Birima Mangara : « Le marché africain représente à peine 1% du marché mondial de l’assurance ».

« Courtage d’Assurances face aux mutations », est le thème de la 12ème assemblée générale de la Fédération interafricaine des assureurs-conseils, sous la présidence du Ministre en charge du Budget, Birima Mangara.


« Si notre continent est bien présent dans la révolution digitale, avec ses mutations auxquelles le secteur des assurances devra s’adapter, il me parait important de bien identifier l’enjeu prioritaire, lorsque l’on constate que le marché africain représente à peine 1% du marché mondial de l’assurance ». Ces propos sont de Birima  Mangara, Ministre délégué auprès du Ministre  de l’Economie, des Finances et du Plan, chargé du budget.
Il s’exprimait hier à Dakar, lors  de la 12ème assemblée générale de la Fédération interafricaine des assureurs-conseils.
S’adressant aux acteurs de l’assurance, il laisse entendre : « A mon sens, votre secteur doit travailler à développer davantage l’offre d’assurance sur le continent, de façon à la rendre plus inclusive et améliorer en conséquence le taux de pénétration de l’assurance au sein de nos populations ».
Dans ce sens, dira-t-il, les mutations induites par la transformation digitale doivent être perçues essentiellement comme une opportunité de promouvoir une assurance inclusive. Les dernières réformes règlementaires dans l’espace communautaire qu’est la CIMA, sont à inscrire dans cette dynamique de positionner davantage le secteur de l’assurance comme acteur de notre développement.
« L’un des défis majeurs auxquels votre industrie devra faire face dans ce contexte, est celui de l’augmentation de la capacité de souscription au niveau de tous les opérateurs, Assureurs, Réassureurs et Assureurs Conseils. Je pense à la capacité technique, technologique mais aussi financière », a-t-il soutenu.
Pour le Président de la Fédération interafricaine des Assurances-conseil, Jean Claude Sanson, le thème « courtage d’Assurances face aux mutations », leur permettra d’aborder, une fois de plus, les évolutions que leur profession doit nécessairement intégrer si elle veut survivre et contribuer efficacement à l’amélioration tant souhaitée du taux de pénétration de l’assurance dans nos pays.
« Notre souhait est que les sujets qui seront traités dans le cadre de différents panels nous permettent de nous engager un peu plus sur la voie du professionnalisme et de la modernité, seul gage de pérennité de notre métier », a-t-il indiqué.
Selon la présidente de l’Association des sociétés d’assurances et de courtage au Sénégal, Racky Wane, le taux de pénétration est inférieur à 2%. A l’en croire, les courtiers doivent veiller à leur respectabilité en érigeant le code moral comme viatique et en étant soucieux de l’éthique et de la déontologie.
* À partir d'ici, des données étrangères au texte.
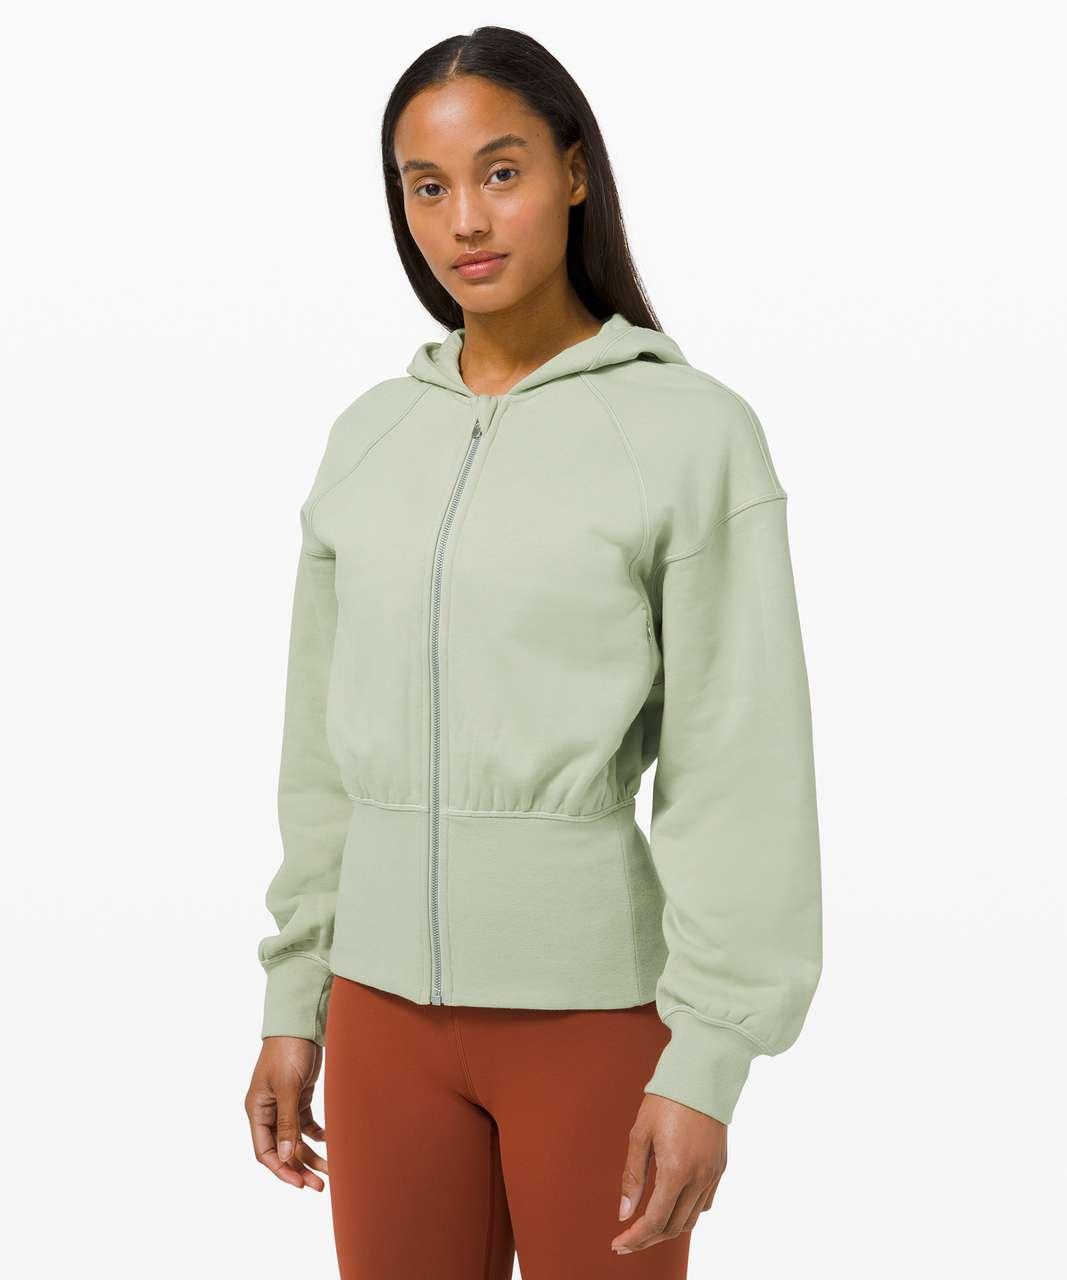 Lululemon Hugged-Waist Cotton Zip Hoodie - Green Fern

Des acquis sont à souligner avec l’obligation faite aux courtiers de souscrire  à une assurance de responsabilité professionnelle et d’avoir une garantie financière renouvelable chaque année. Sur ce, elle a conclu : « cette mesure devrait être étendue à tous les intermédiaires présentant des opérations d’assurances au public pour la protection des consommateurs ».